Celestial groundwater – the subsurface plumbing for extraterrestrial life support

Celestial groundwater – the subsurface plumbing for extraterrestrial life support

Post by Kevin Befus Assistant Professor in Civil and Architectural Engineering at the University of Wyoming.


Have you ever taken a walk on the beach during a lowering (ebbing) tide and see mini-rivers grow and create beautiful drainage patterns before your eyes? These short-lived groundwater seepage features (Fig. 1A) are tiny (and fast) analogs of how groundwater has shaped some parts of Mars! It appears that groundwater loosening sediments can lead to all sorts of scales of erosion on both Earth and Mars.

Figure 1. A) Beach drainage pattern on the order of 1 meter (Source: https://epod.usra.edu/blog/2017/01/beach-drainage.html), B) Martian “alcoves” suggesting groundwater seepage [1].

Mars is not currently a friendly place for water to exist at the surface or even the subsurface, but an abundance of photographic and topographic evidence point to there having been the right conditions for active groundwater flow on Mars.

But isn’t Mars too cold for liquid water? The answer is generally a strong yes for the past few billion years, but amazingly enough, there appears to have been some local places where groundwater discharged to the Martian surface and left behind telltale signs.

Because Mars is cold at its land surface (mean surface temperature of -50 C with daily swings from 0 C to -100 C) with a thinner atmosphere than Earth’s, water on the Martian surface can exist as ice (as in the polar ice cap), but sublimation and evaporation would quickly wick any water near the surface. So, liquid water on Mars needs both more pressure and a good bit of heat for mobile groundwater based on the phase diagram below (circle with M shows the present day Martian surface conditions).

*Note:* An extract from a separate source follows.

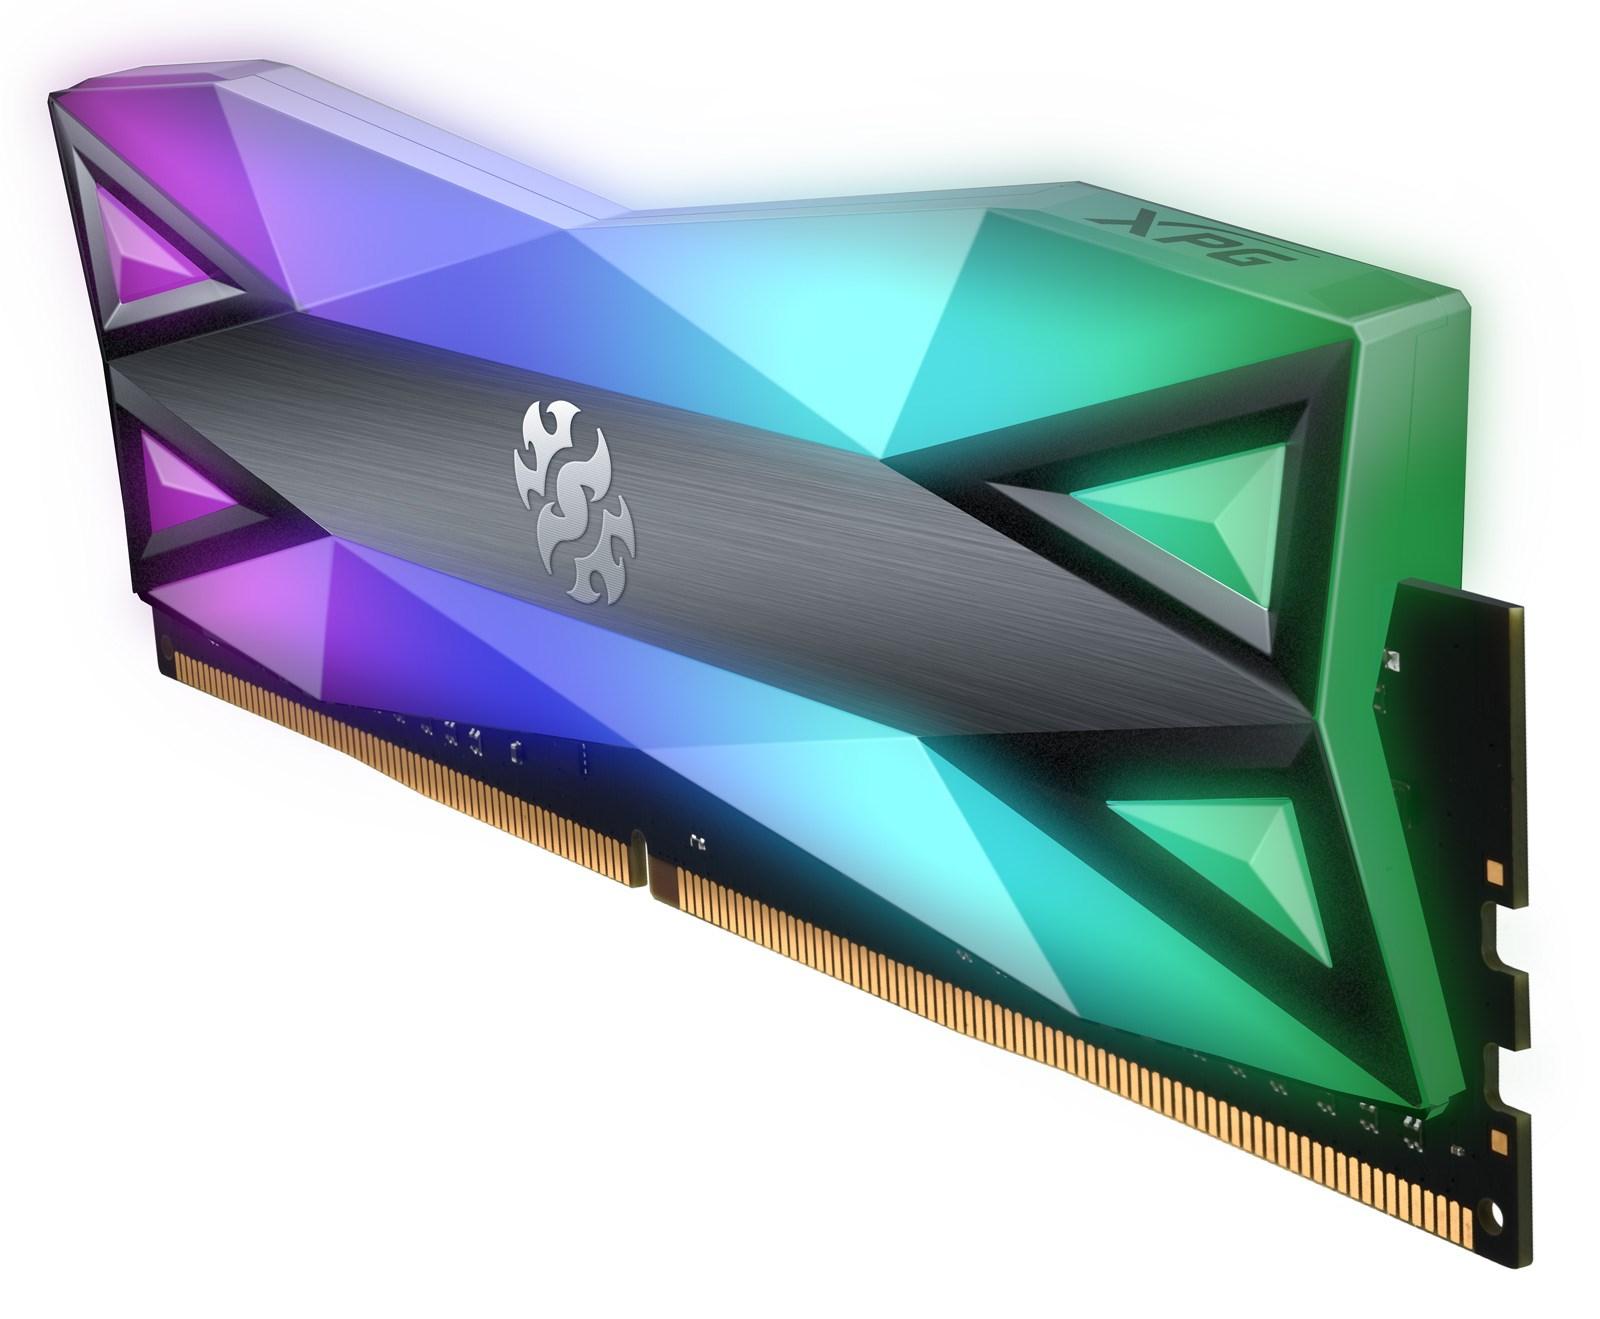 Adata XPG Spectrix D60G 16GB (2x8GB) 3600MHz DDR4 Memory Kit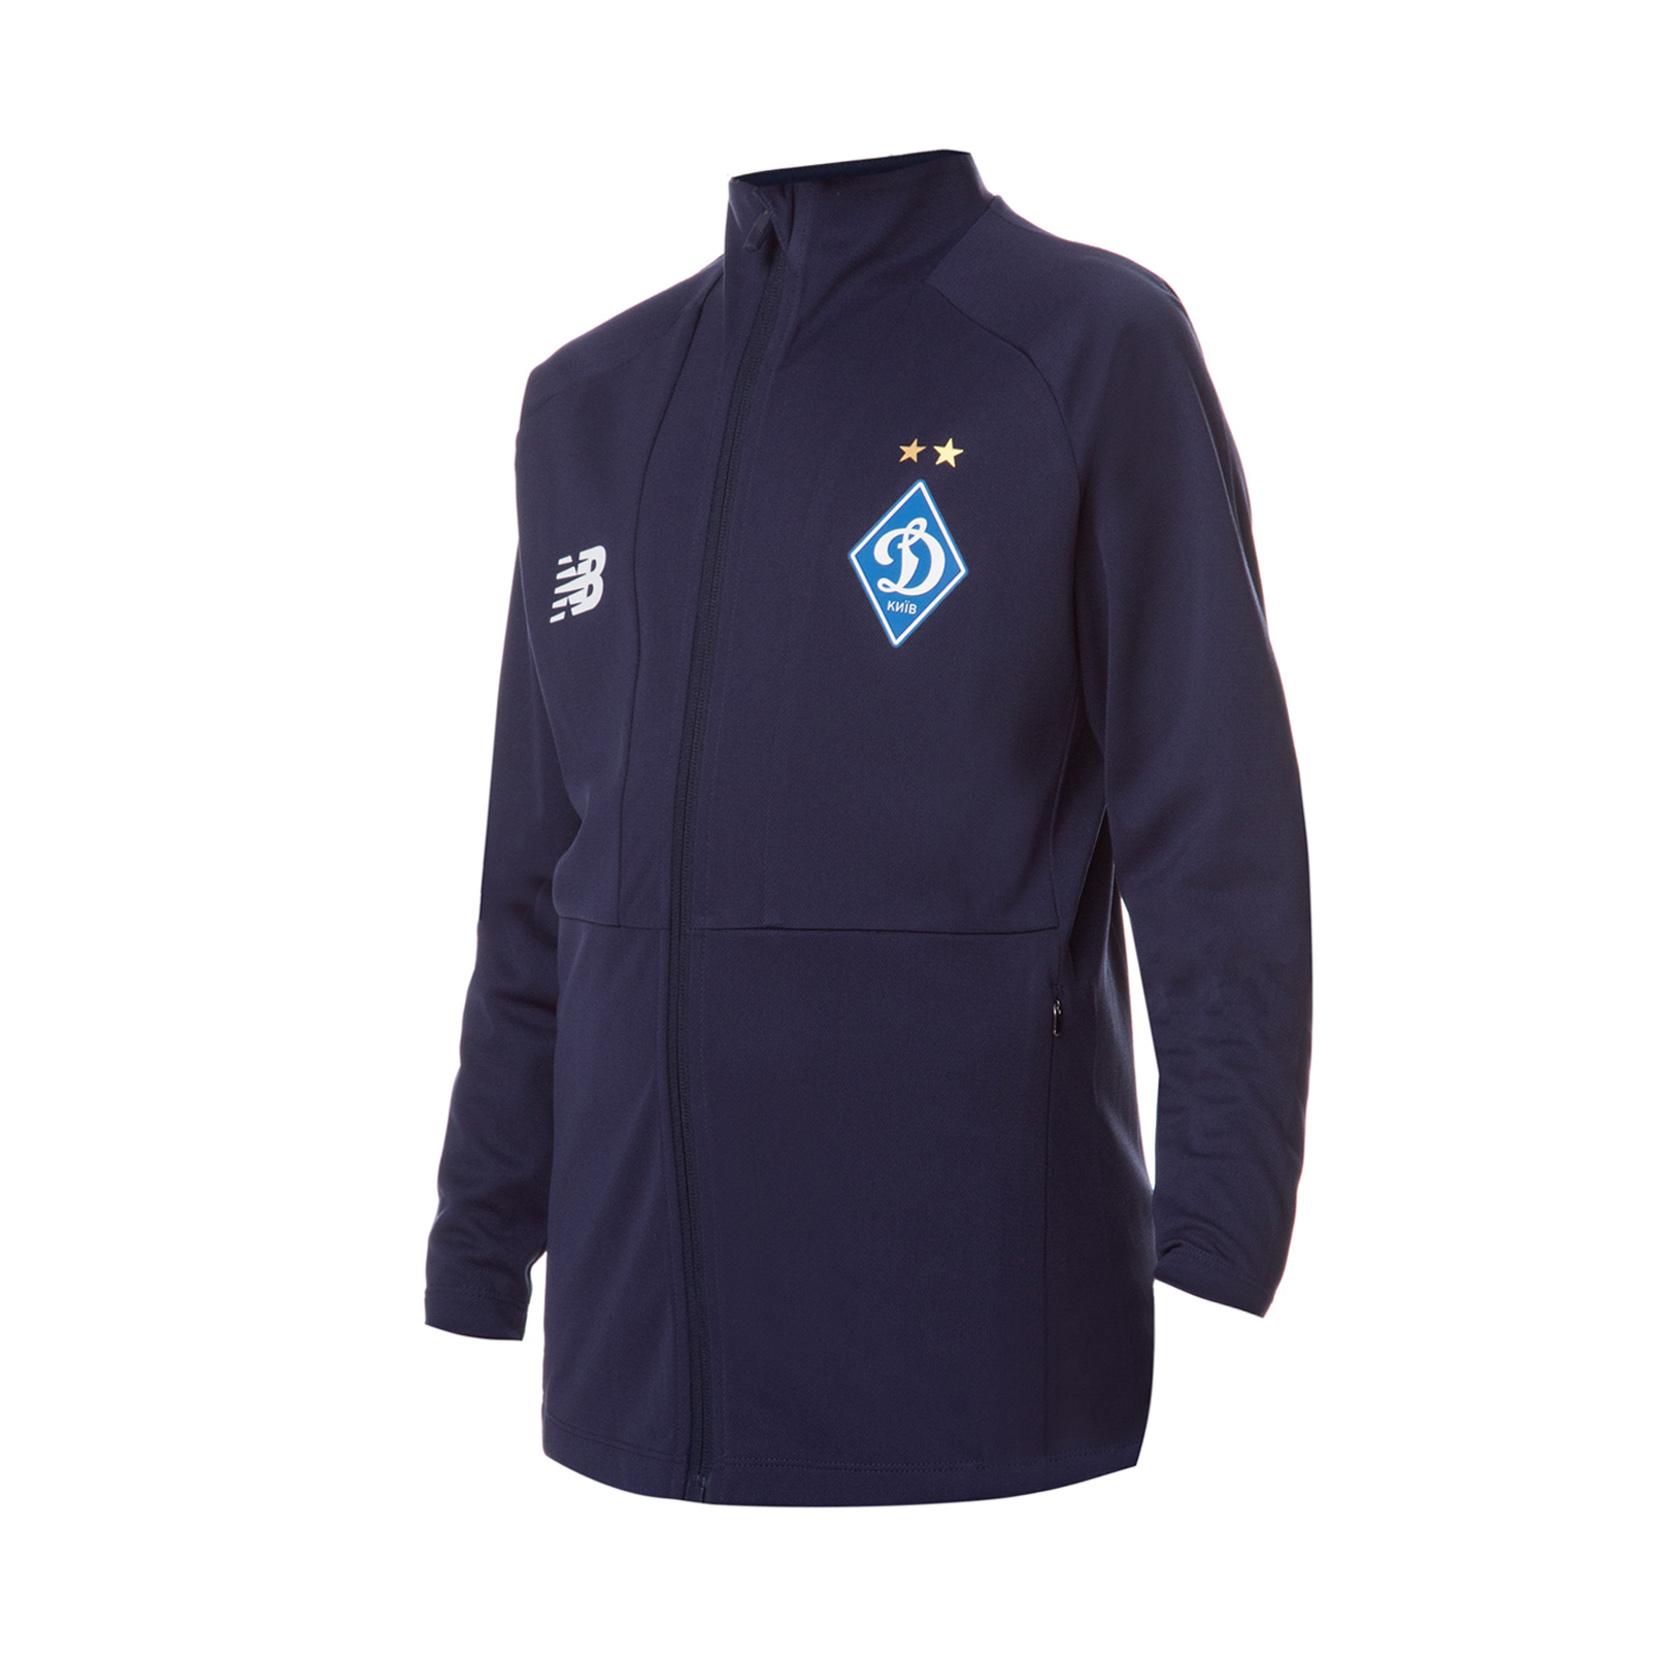 Куртка спортивна тренувальна юнацька ФК «Динамо» Київ для дітей JJ931521NV | New Balance

Figure 2. Phase diagram showing average conditions at the planetary surface for Earth (E) near the triple point, and atmospheric conditions for the frozen Mars (M) and vapor-rich Venus (V). source: http://www1.lsbu.ac.uk/water/water_phase_diagram.html#intr2; License: https://creativecommons.org/licenses/by-nc-nd/2.0/uk/)

It turns out that the most expansive evidence of liquid groundwater on Mars comes from deep at the bottom of craters (…deeper than 5 km!), where the Martian geothermal gradient (~10 C/km [Michalski et al.2013]) heats up to the point where groundwater systems, probably made up of brines, can seep across the crater walls. Without the craters, the groundwater wouldn’t have anywhere to discharge, but extraterrestrial hydrogeologists (really based on the geomorphology, but using E.T. hydrogeology principles) have identified numerous craters with groundwater seepage erosional patterns (Figure 1). The question remains open on how connected the Martian “aquifers” could be, or if the craters represent only local flow systems.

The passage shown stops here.